With their success outgrowing the bedrooms they used to create in, late night drive home’s debut album is the first time they’ve worked in proper studios. And with this growth, we see them move from the indie-rock bucket to a more expansive, electronic realm.

The album news arrives alongside the first single “terabyte.” A glitchy yet crystalline rumination on an addiction to adult content, the band finds themselves in an unending cycle of seeking online validation and destroying their self-worth. If love is the drug, the band’s drug tolerance keeps climbing. Try as they might to justify the dependence, they know they need to quit in order to establish real-life relationships.

Their drive to find more meaning in life propelled late night drive home to become the internet’s best kept secret. Following their breakout hit “Stress Relief,” the band spent the bulk of 2024 out on the road, playing infamous festivals like Coachella, Shaky Knees, Austin City Limits and Kilby Block Party. More sure of themselves, and settled into their sound, late night drive home is primed for the summer release of their debut album. 

ABOUT LATE NIGHT DRIVE HOME:

late night drive home have never known a world without internet — without access to the endless stream of joy, sorrow, and titillation that we all tune in and tune out to on the daily. In many ways, the guys can’t extricate themselves from that reality, but they’re trying to grapple with it. The culmination of that, then, is the buoyant yet ominous as I watch my life online, the band’s debut album on Epitaph, out June 27th.

“The record is a critique and a meta representation of the current online landscape: a whole new world or giant united country that connects us between cities, forcing us to be online. Instant gratification is at our fingertips — likes, follows, and entertainment a click away,” says guitarist Juan “Ockz” Vargas. “It shows the listener how we grew up in the early days of peak internet — how we saw it all unfold. We want to give our perspective on the internet while creating art alongside it.”

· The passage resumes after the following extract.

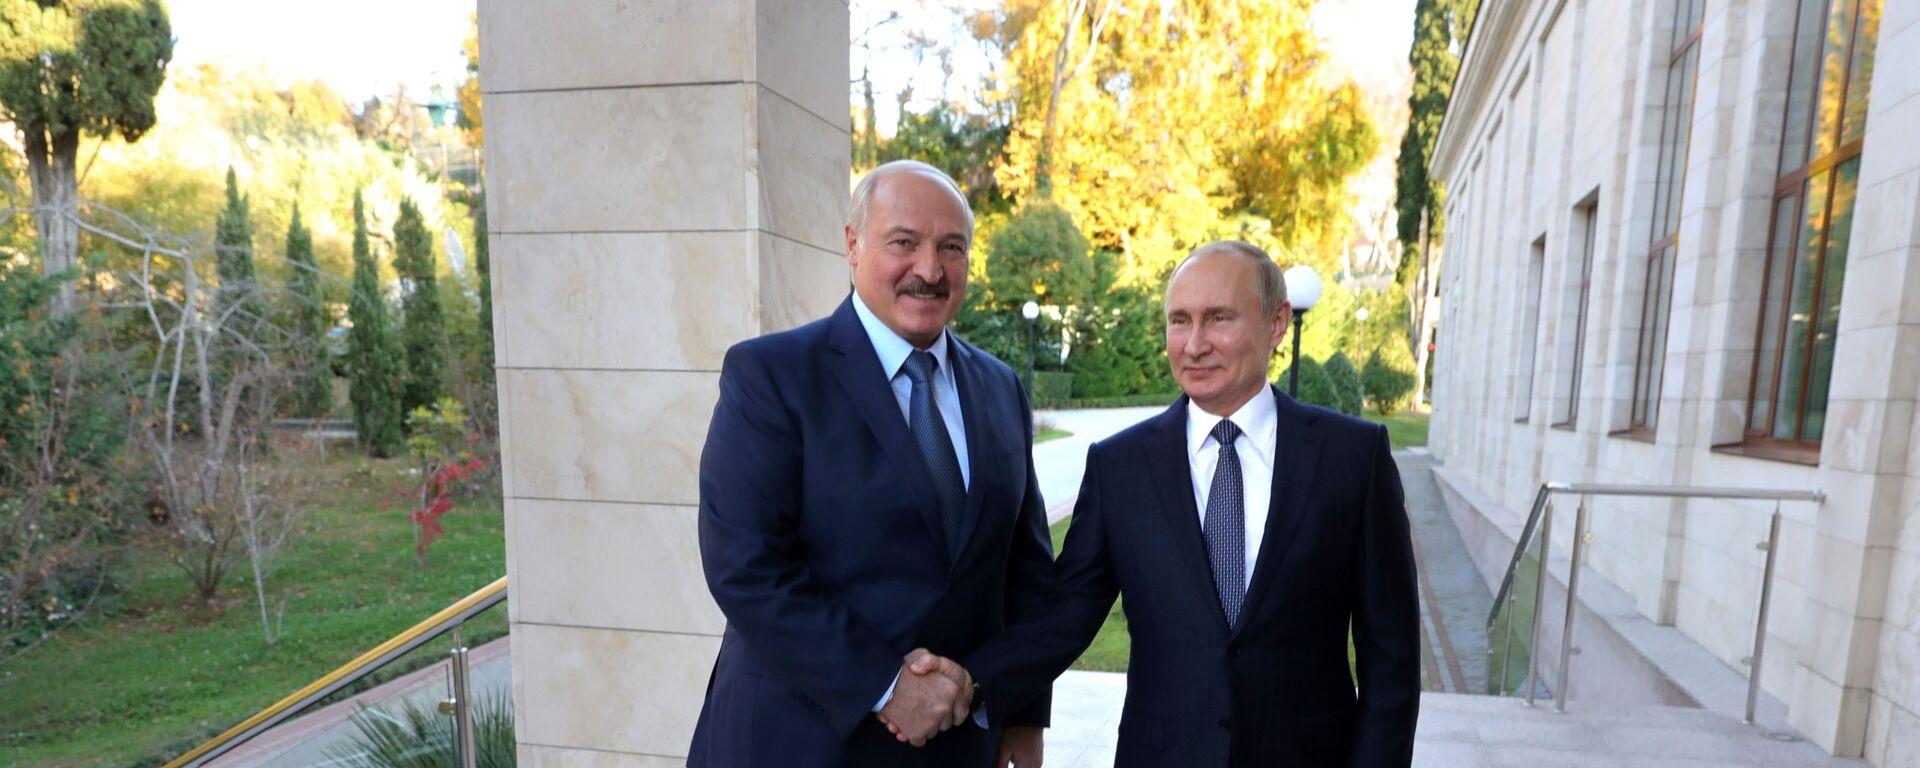 Alexandr Lukašenko a Vladimir Putin - Sputnik Česká republika, 1920, 28.05.2021

late night drive home was born in El Paso, Texas, and Chaparral, New Mexico, hardworking communities where the collars were mostly blue — a quality that the band would bring to their music as self-taught craftsmen. Comprising guitarist Juan “Ockz” Vargas, singer Andre Portillo, drummer Brian Dolan, and bassist Freddy Baca, the entirely self-taught quartet released their first EP as a full band, 2021’s Am I sinking or Am I swimming?, and blew up with the single “Stress Relief,” a blast of early-Aughts indie that racked in tens of millions of streams. Their first pull compilation of songs, How Are We Feeling? dropped in 2022, and after signing with Epitaph in 2023 — and releasing 2024’s grunge-inspired EP i'll remember you for the same feeling you gave me as i slept — they found themselves playing stages their indie idols previously shredded: Coachella, Shaky Knees, Austin City Limits, and Kilby Block Party. 

Since the end of the pandemic, though, the band has been dreaming up as I watch my life online. “Sonically the record is expertly produced — it was the first work we put out that was recorded in professional studios and not our bedrooms,” Vargas says about working with producer Sonny Diperri. “Topically, the album is about the internet. As a Gen-Z band, we want to give an accurate representation of how it feels to be always online. Our generation is forced to care so much about its online identity, it’s like ‘your profile is as important as your outfit.’”

The resulting suite of tracks is a series of online vignettes that hammers home the band’s message: the photos on your phone shouldn’t be your identity; your posts aren’t your inner monologue.